* Input data *
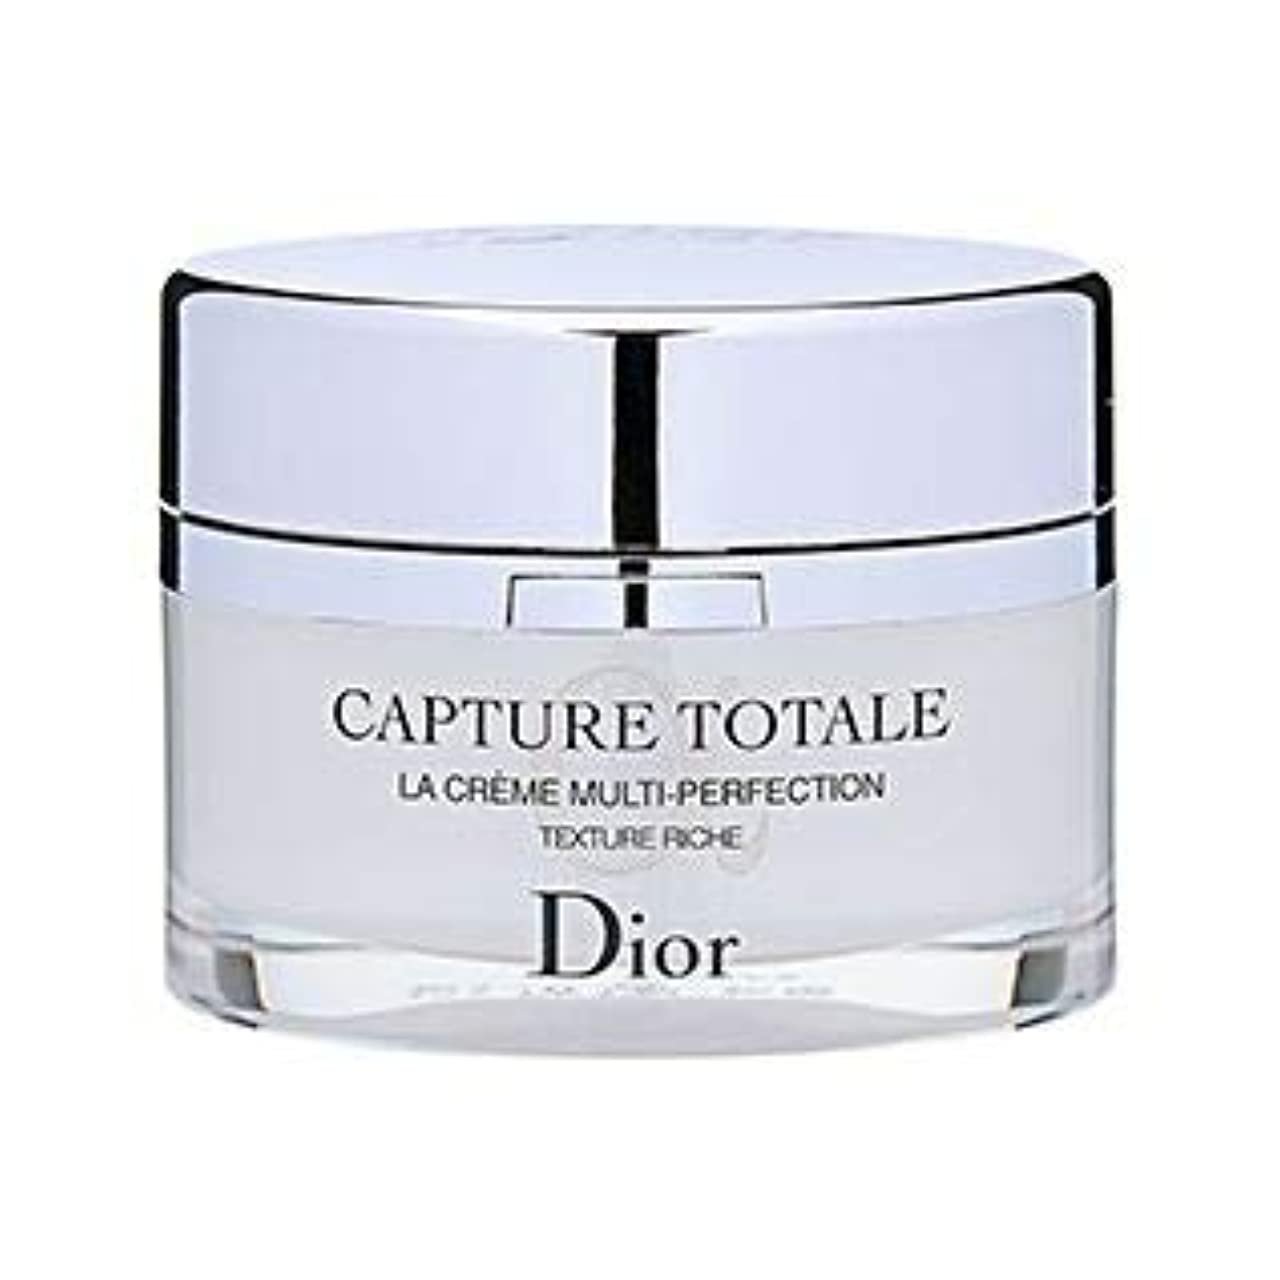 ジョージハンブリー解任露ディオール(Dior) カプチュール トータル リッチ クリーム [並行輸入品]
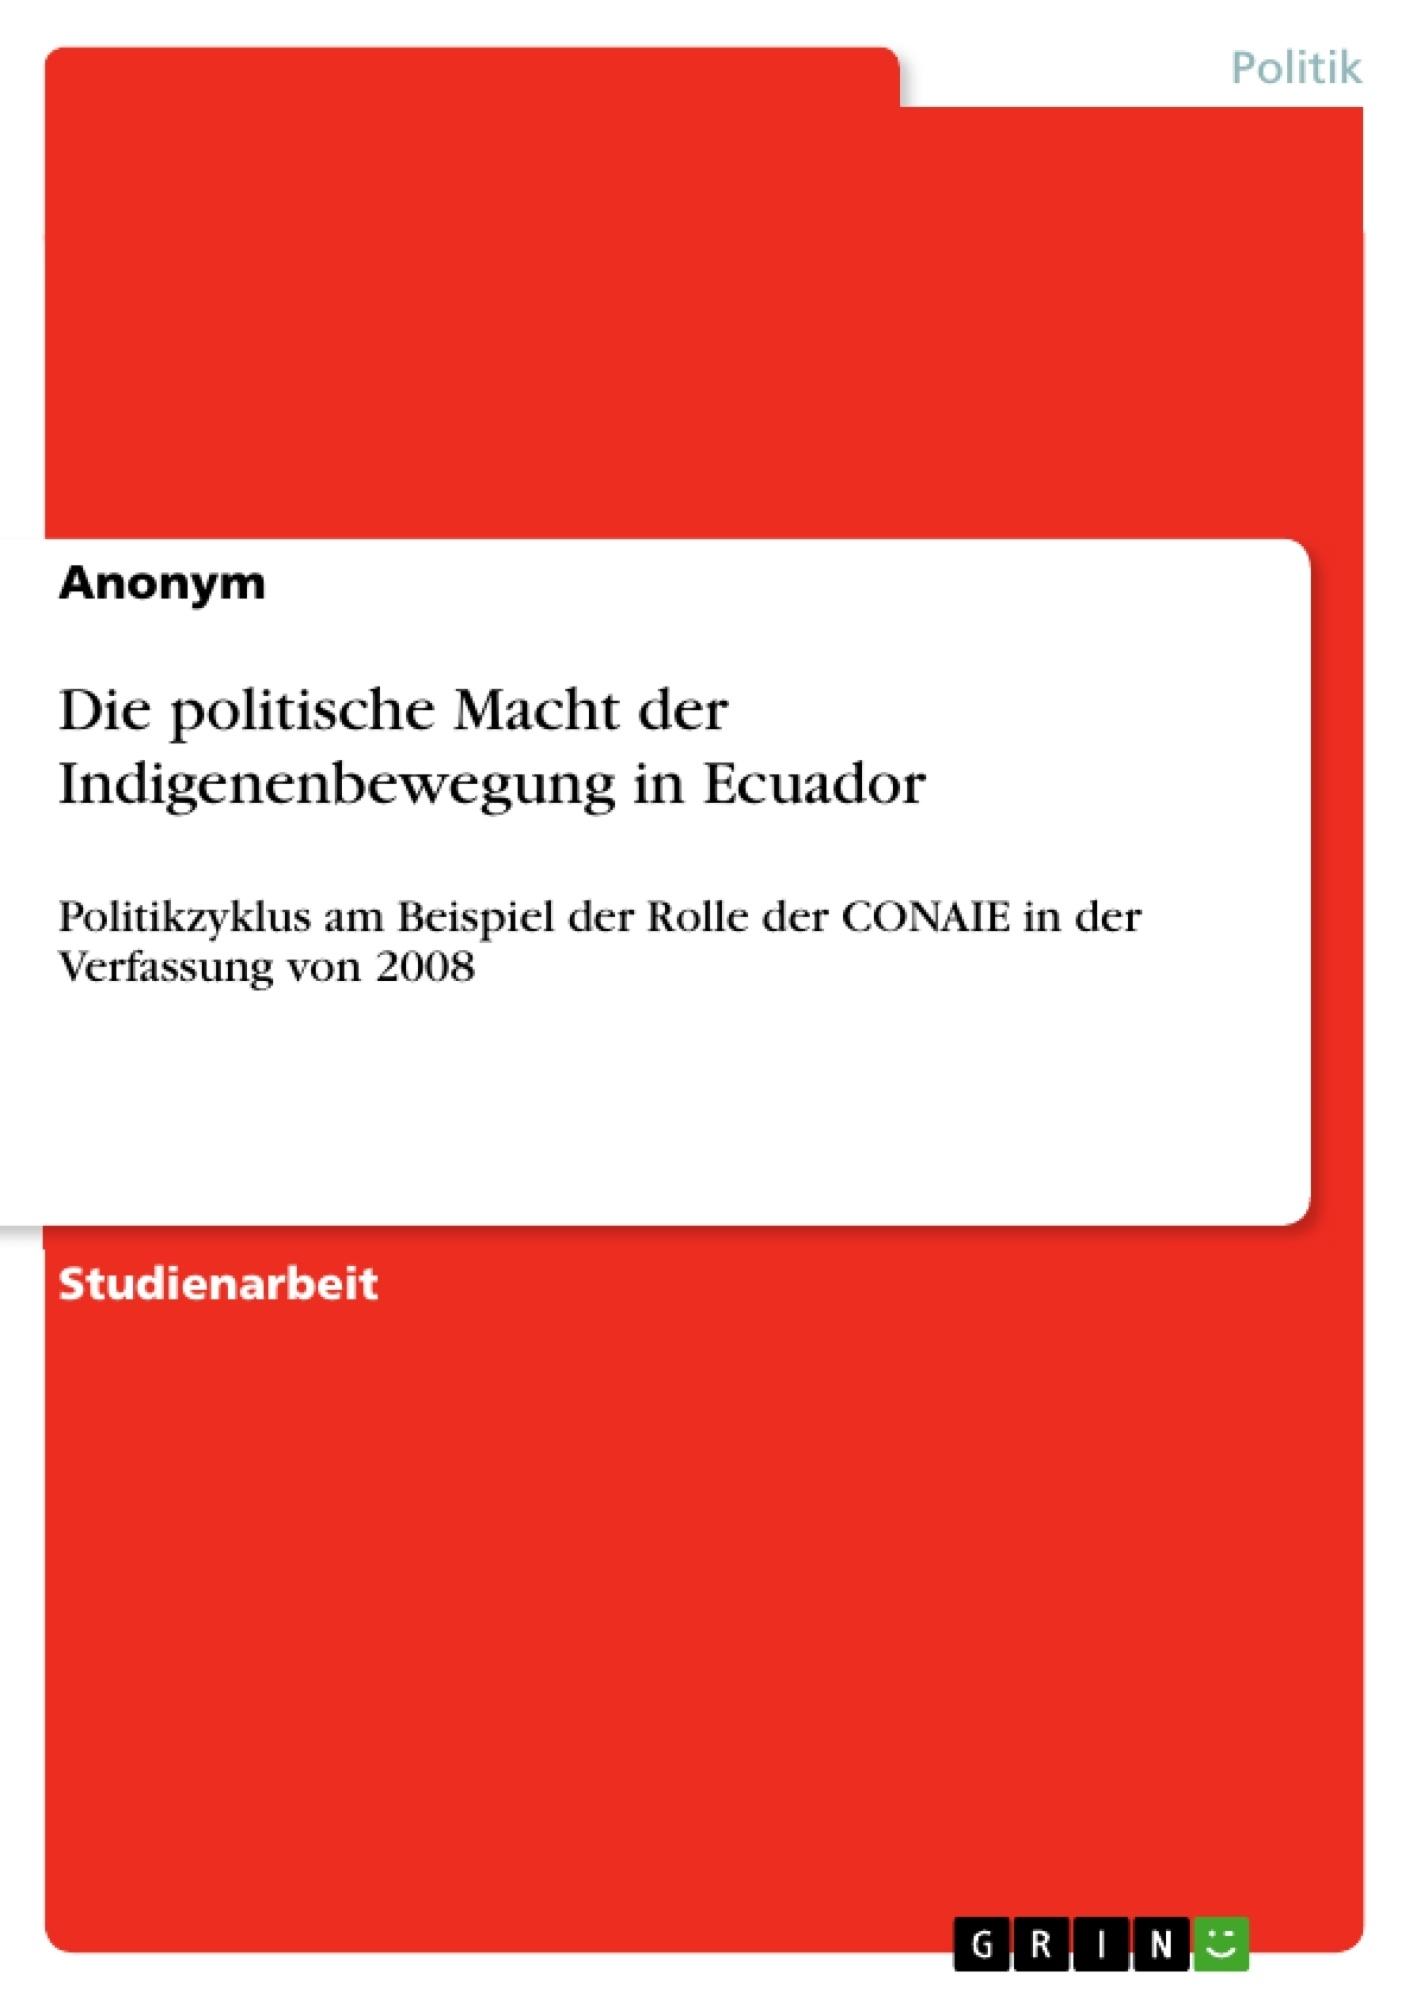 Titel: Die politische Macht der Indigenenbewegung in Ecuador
==
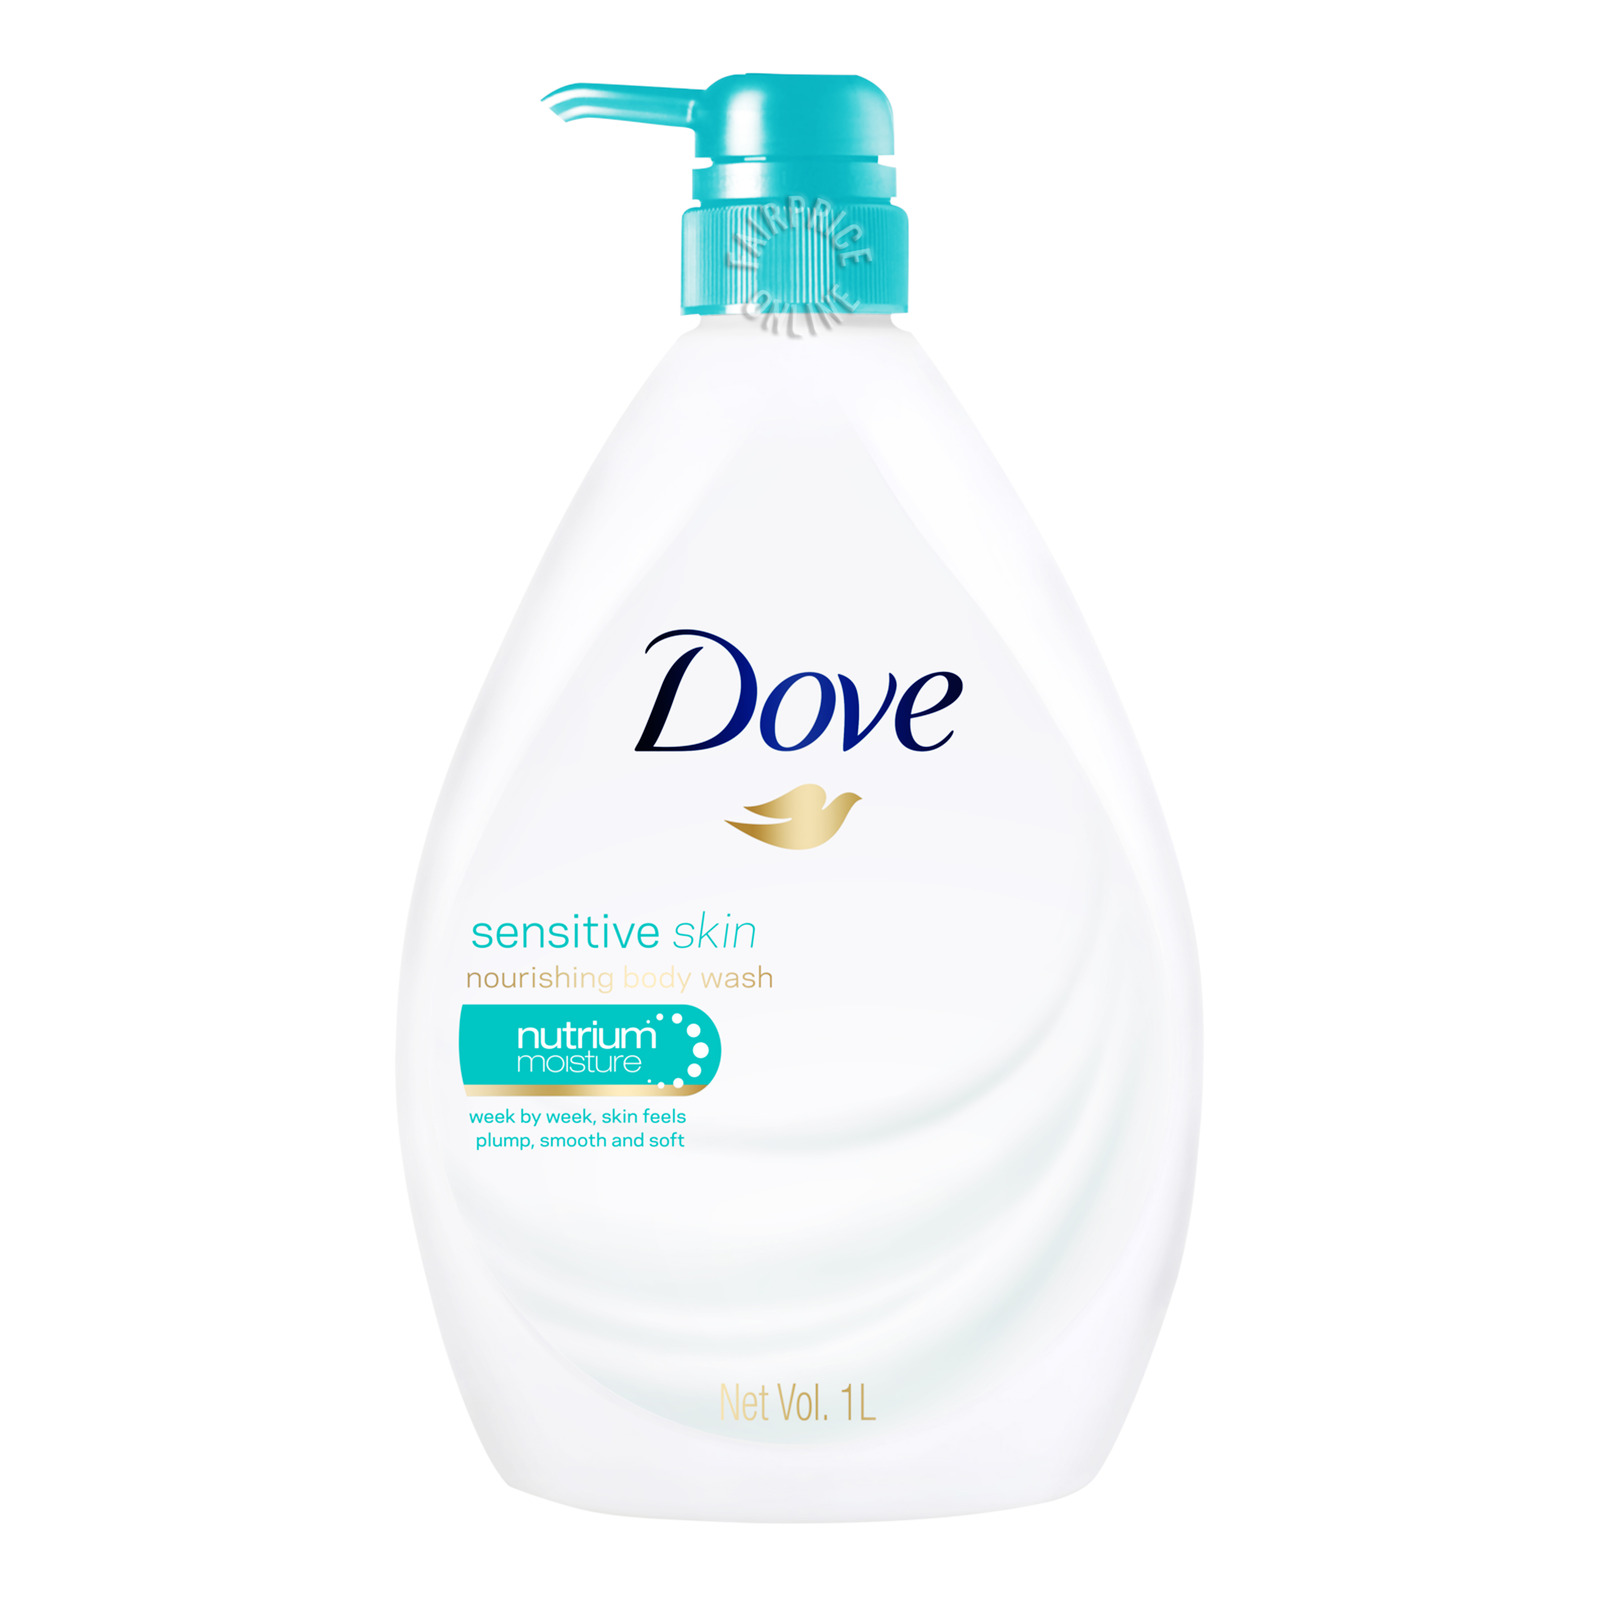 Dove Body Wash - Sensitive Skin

* Exercise requirements *
No picture is to be printed. Output exactly the lines above from the line containing "ジョージハンブリー解任露ディオール(Dior) カプチュール トータル" through the line containing "Titel: Die politische".

* Answer to this problem *
 ジョージハンブリー解任露ディオール(Dior) カプチュール トータル リッチ クリーム [並行輸入品]
 Titel: Die politische Macht der Indigenenbewegung in Ecuador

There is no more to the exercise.